I agree with those comments Ady, but a large tank with little funding/care is never a good thing, best to have a smaller but well done tank IME.
But ...I do understand. Been there and done it myself. I had a very good deal on 240 Gallon aquarium for peanuts, but.........then I needed to make a hood, build a stand and did this myself because I did not have the $ for the equipment. 
Let alone the plants.

Bushy nose are more for folks who have a long term persistent issue with GDA, and have not been able to tweak things to get rid of it, there are quite a few folks who have had GDA for 6-12 months or more.
They claim to have tried every possible cure.

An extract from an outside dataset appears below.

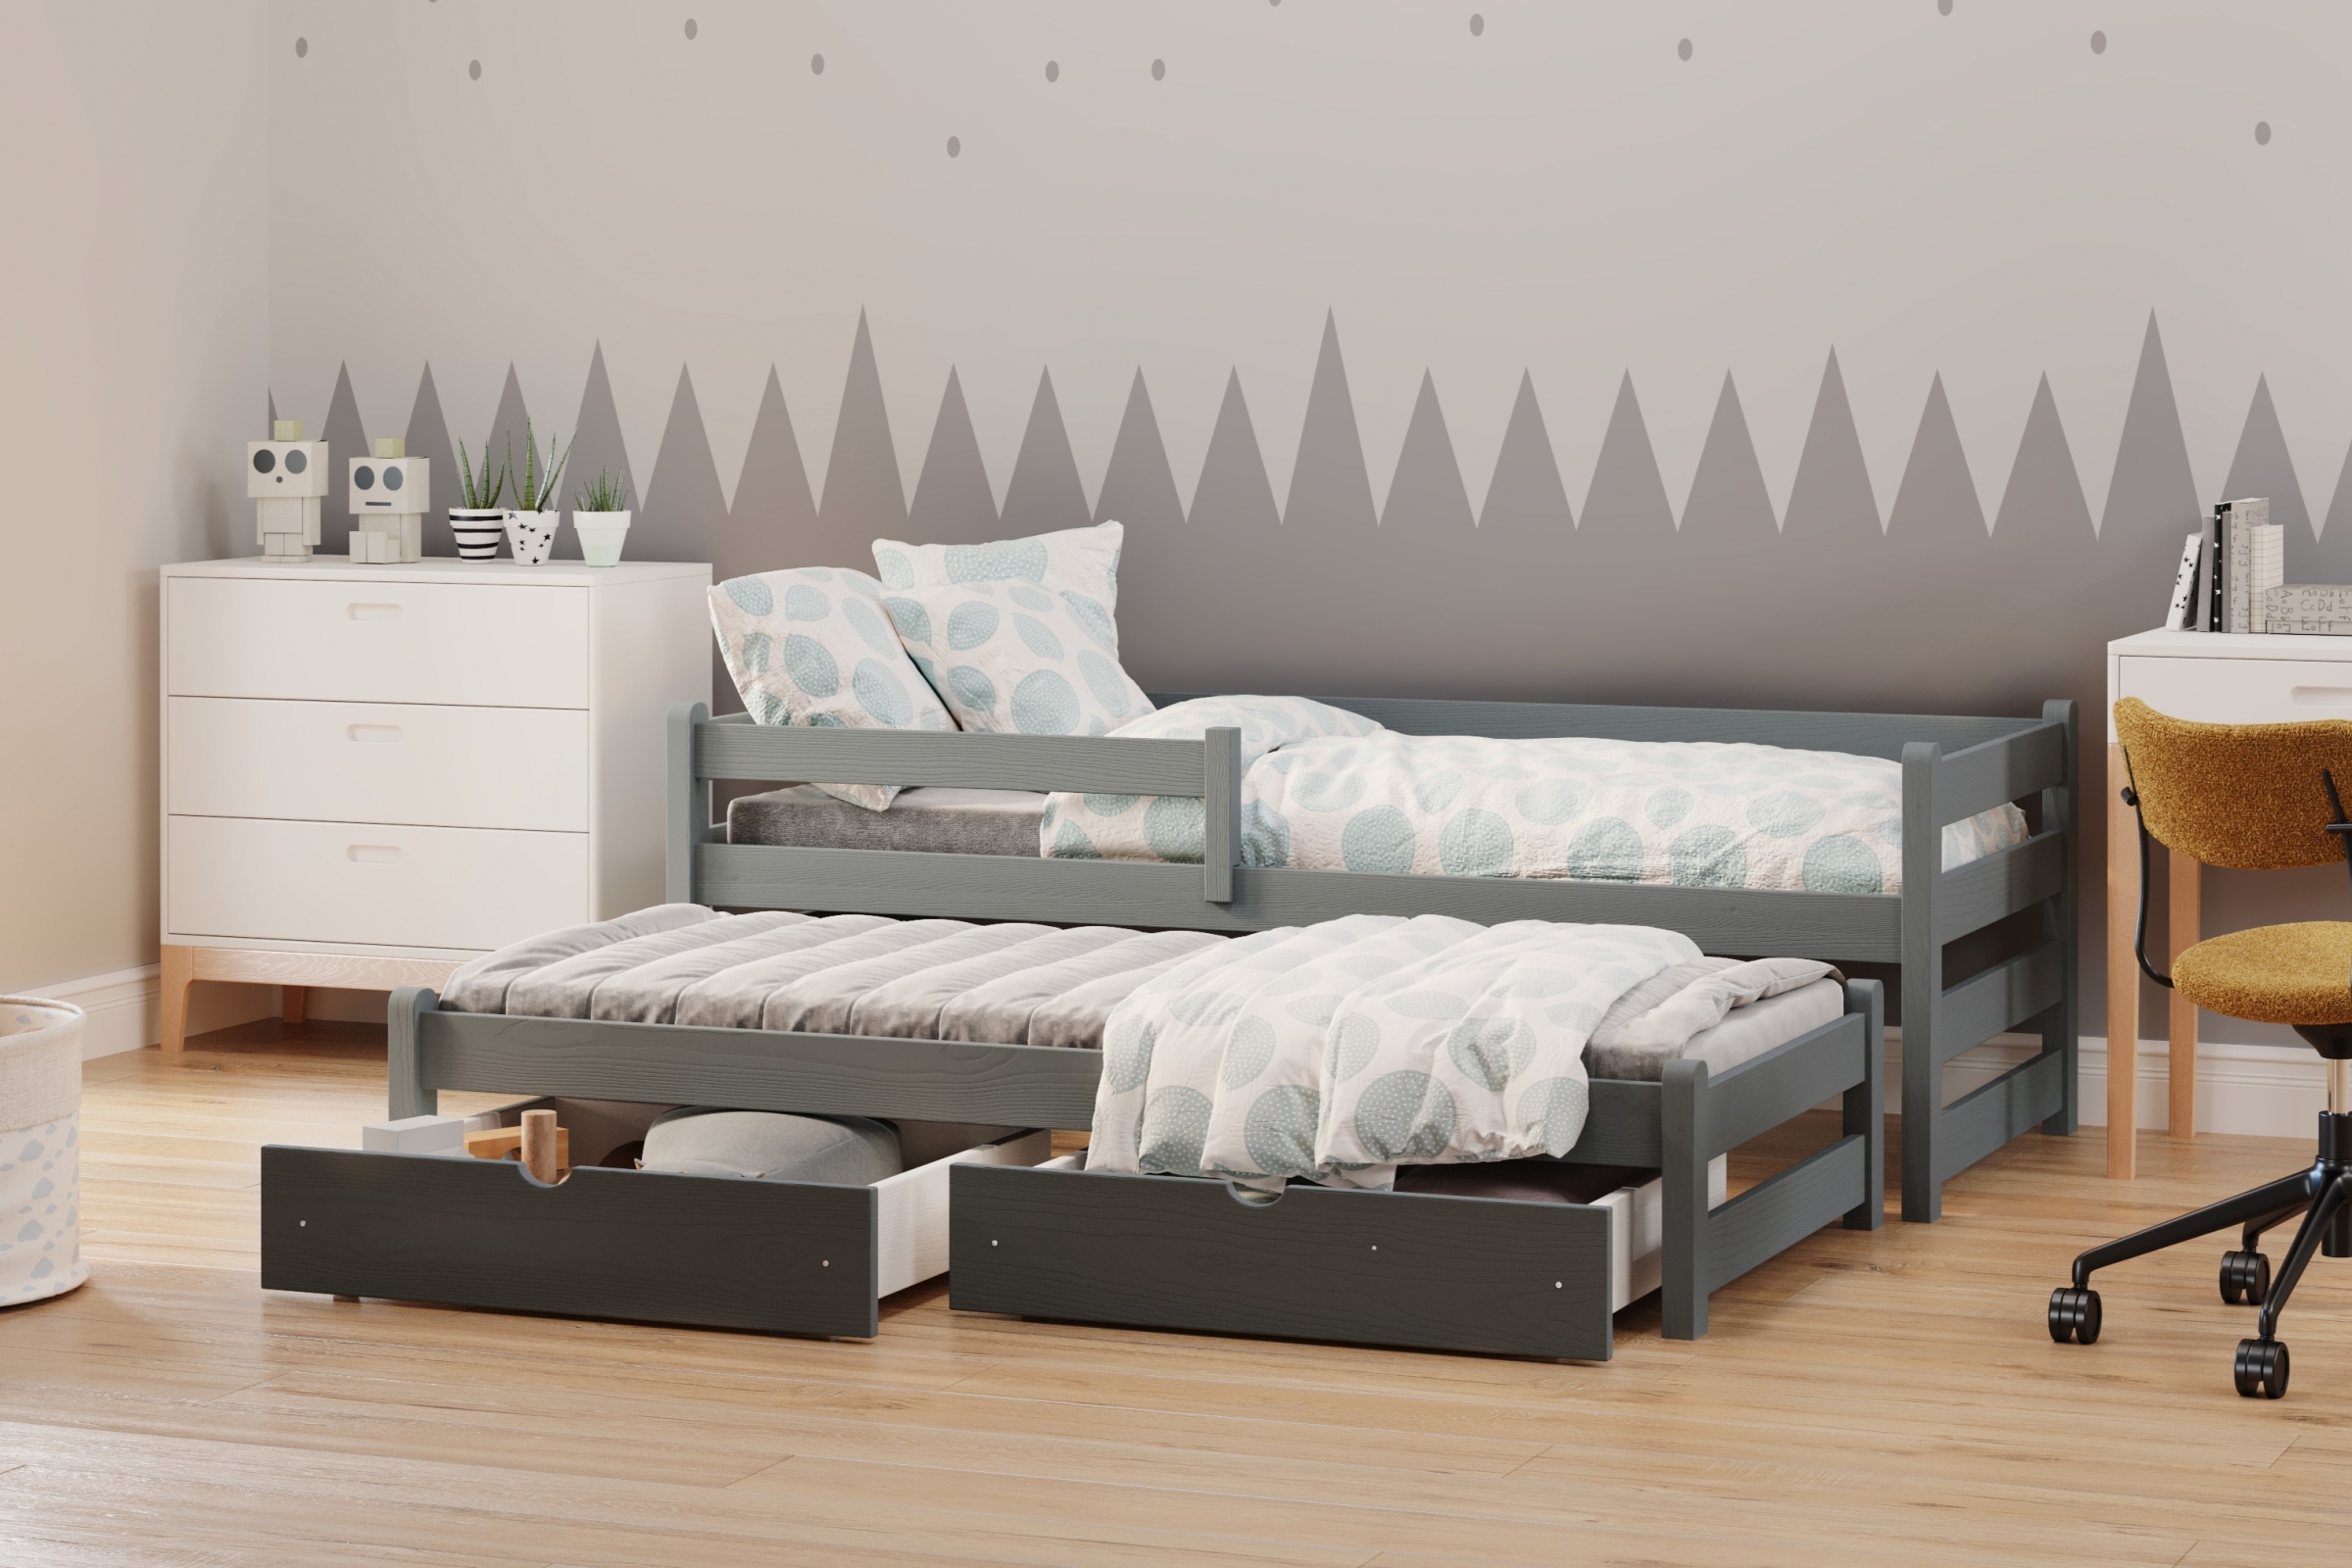 postel dětské přízemní výsuvná Alis DPV 001 - grafit, 80x180 postel přízemní výsuvná Alis - Barva Grafit - aranzacja

I might be able to get rid of it without too much trouble, but not everyone will have those results as myself. So for those with few alternatives, the bushy nose seems like a pretty good option.
They are quite cheap here in the states, but........that can be said for many things, including quality

I've just not seen anyone using them like Amano shrimp in mass, over stocking? Most tanks I've seen in the planted hobby are woefully understocked. 
I think the mess poo they have might be a detraction. But if you live in close proximity to other hobbyists, you can share the horde also, same for shrimps.

Or if you have MTS(multiple tank syndrome).
I keep 4-5 tanks and that's it. 
I have the bushy nose in 1 tank, as far as cost? I get them wholesale, so they are 1$ each, so that's US $1 = £ 0.6368. 
3-4 each is what the going rate seems to be there.
But they are easy to breed and you'll be able to sell the fry.

So livestock, plants, shrimp sales etc.......you are running a small farm.


----------



## sciencefiction

I never had issues with GDA in my fish tanks but it's probably an interesting annecdotal experience that I recently had with two glass bowls on the window.
I placed floating plants in them(salvinia minima). I regularly dosed one with all nutritients I had-micros and macros and I left the other one alone, just with the regular tank water.
The one with nutritients(which were largely overdosed by the way so I have no idea how much of each I put) developed green dust algae and the entire glass bowl was covered in it looking like a little swamp. My partner was giving out I destroyed the salad bowl . The other one didn't get one bit of algae but the floaters didn't look as good in it, paler and smaller.

Then I got lazy and stopped dosing either, just topped up with tank water(from low tech tanks) and the green dust algae eventually literally fell of the glass of the affected bowl. The sides of the bowl are clear as if I scraped them myself, and the entire lot of dead algae is rotting at the bottom instead.

This is not to say don't fertilize your tank as the plants in the fertilzed bowl were looking way better no doubt but it was just interesting what happened to the two different enviroments with same water, same light, but different nutritient levels and no substrate at the bottom.


----------



## plantbrain

SF, yes, I suggested a similar method for GDA for folks, just leave it be for 3-4 weeks ......then clean it off, and it went away for quite a few folks, but others? They did not have such luck, I'm not sure if they simply got impatient etc. 
By allowing it to do it's full life cycle that pesters us, we can avoid the onslaught. 

But many will NOT do this method or tweak and try and fix it, many simply use too much light etc also.
So having a wider array of tools to work with, seems good. Weed control works best when we have many "little hammers" to beat back the weeds.
Not a single large one. Biocontrol is also highly desired. Most biocontrol agents in my own experience have never been this effective however.

My 70 gallon has had every type of abuse tossed at it for weeks and weeks.


----------